Can Tech Really Reduce Investment Costs by 75pc?

It’s a bold claim from Altus chairman, Hugo Thorman, but he believes that with the technological advances in back-office automation systems and standardising data, the cost over coming years of advised investing could drop from 2.2% to as low as 1.5%. The future for platforms and financial services looks good.

Can Tech Really Reduce Investment Costs by 75pc

Image Credit

Back Office Automation

He believes that full automation is a real possibility in the future so that back office systems for financial advisers could reduce costs to their clients.

By using client data more efficiently, funds and information could be exchanged more easily for things like populating the pensions dashboard.

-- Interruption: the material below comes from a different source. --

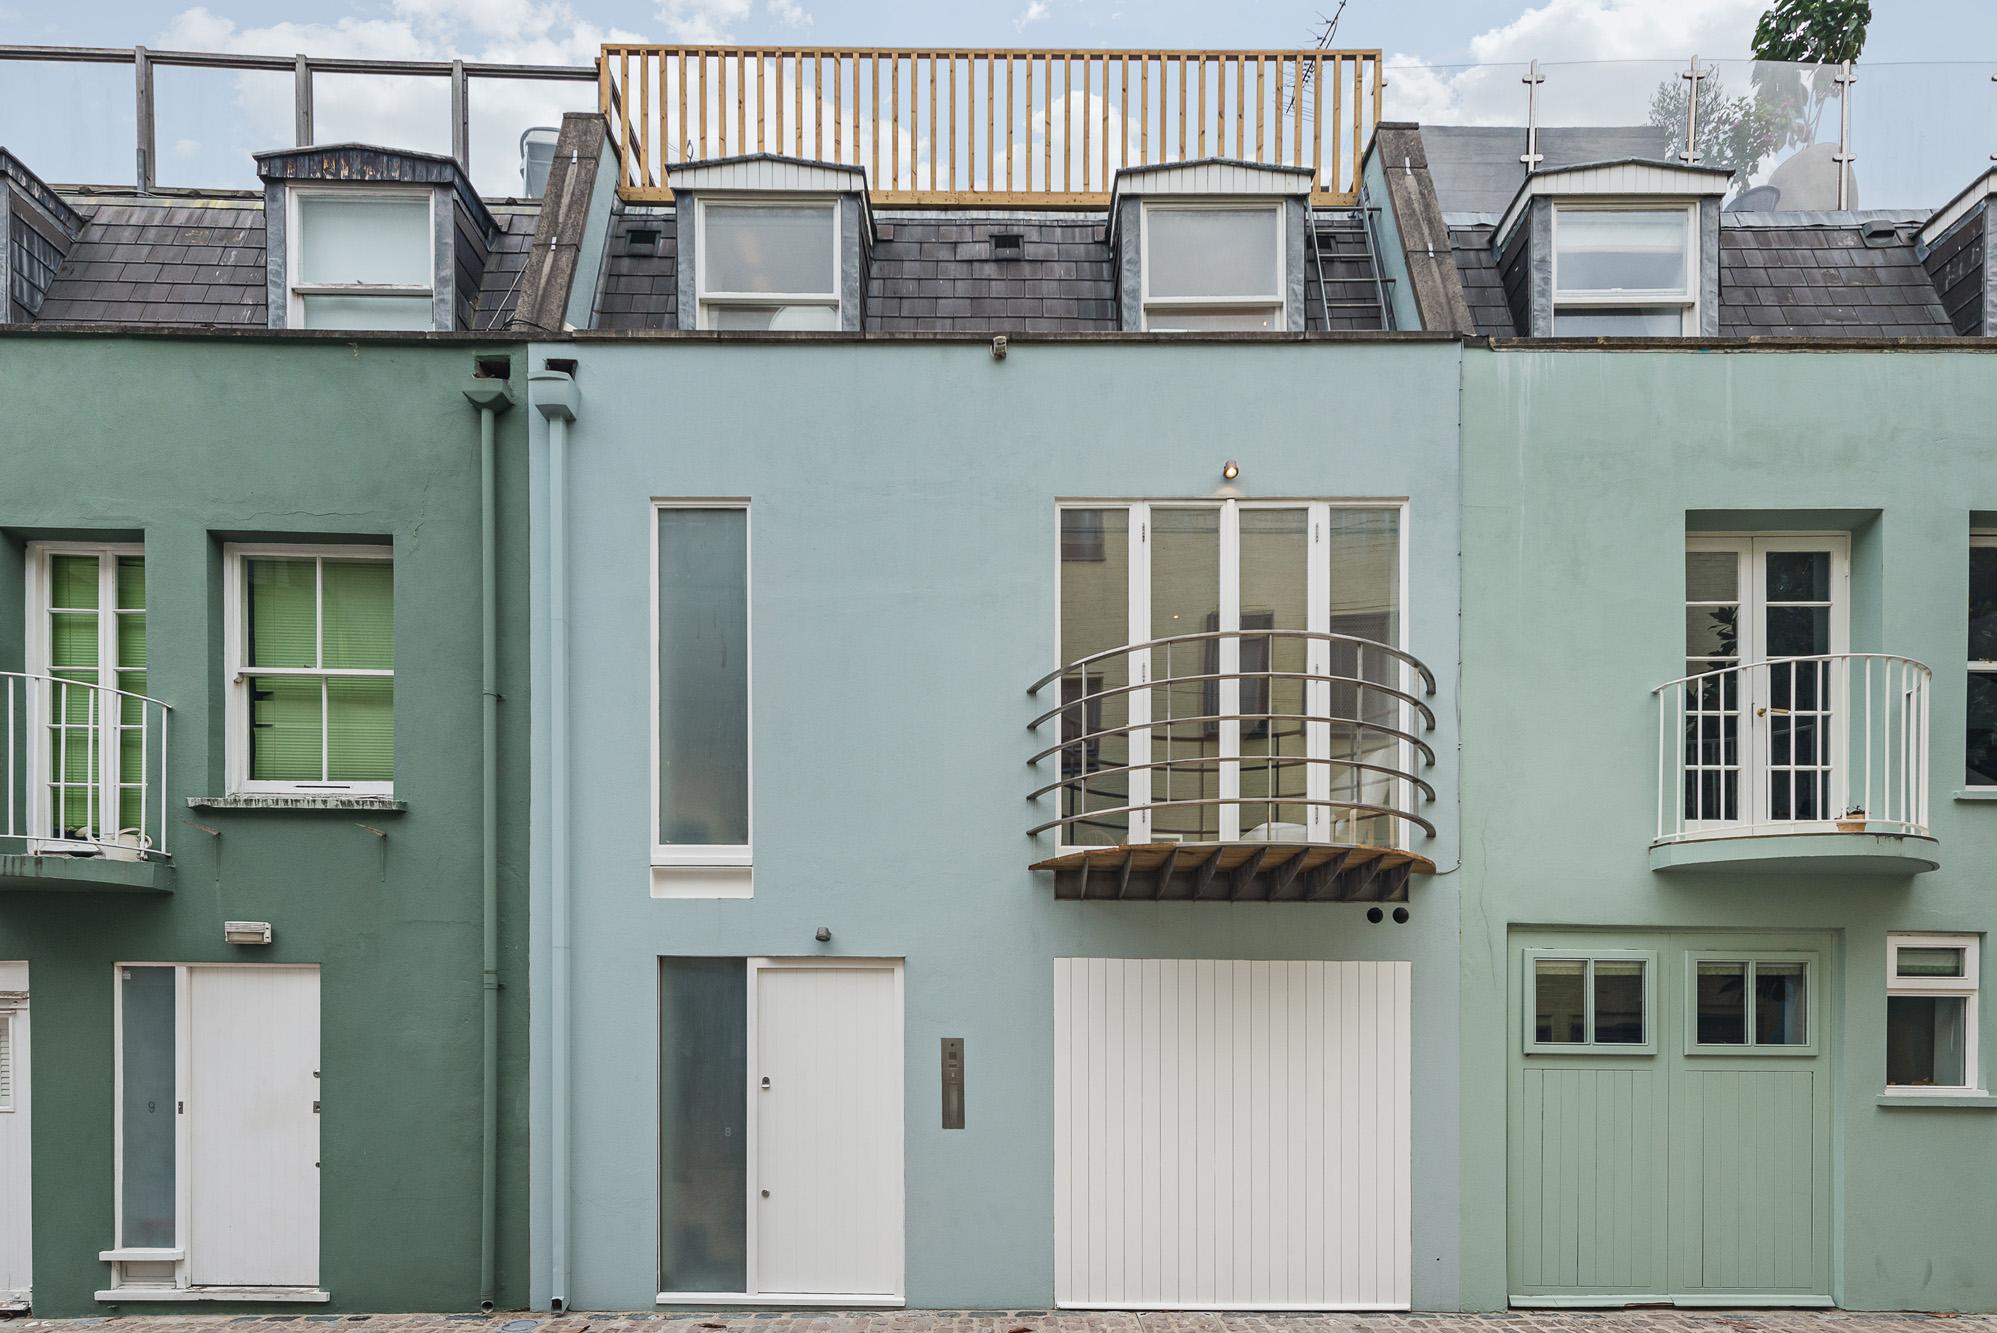 For sale Alba Place Notting Hill W11 pale blue facade

Companies like http://www.intelliflo.com/ are building specialist software that will help financial services companies better manage risk and improve their businesses.

The advances in technology might mean a leaner workforce through automation, but much of a business’s unprofitability can be put down to too many staff and poor efficiencies, which greater automation would improve. The Telegraph goes into more detail about ‘recruiting’ automation, and Deloitte has written about automation being a big game changer in the financial services industry.

Many businesses in the financial services sector are putting a big focus on technological enhancements for their company to improve their own performance, but also because of guidance from the Financial Conduct Authority to use more technology to deliver a better service and reasonably priced advice and guidance to those who are unable to afford traditional services.

Pensions Dashboard

There is also much anticipation surrounding the pensions dashboard, which looks set to revolutionise the whole financial services sector. The idea is that lifetime savers are able to see all their savings, from any number of pots, in a single place and know exactly how big the combined pot is. It looks set to be in place for 2019.

Increased automation should help improve engagement from the public with an industry that sometimes suffers image problems and could potentially roll out across other savings products in the future and not just pensions.

The proposals are currently that the pensions dashboard would be compulsory across the sector, and Thorman believes that implementation should be independent so that everything is transparent for the consumer’s benefit.

For many individuals, any improvement to efficiency in the sector can only be a good thing and can’t come soon enough.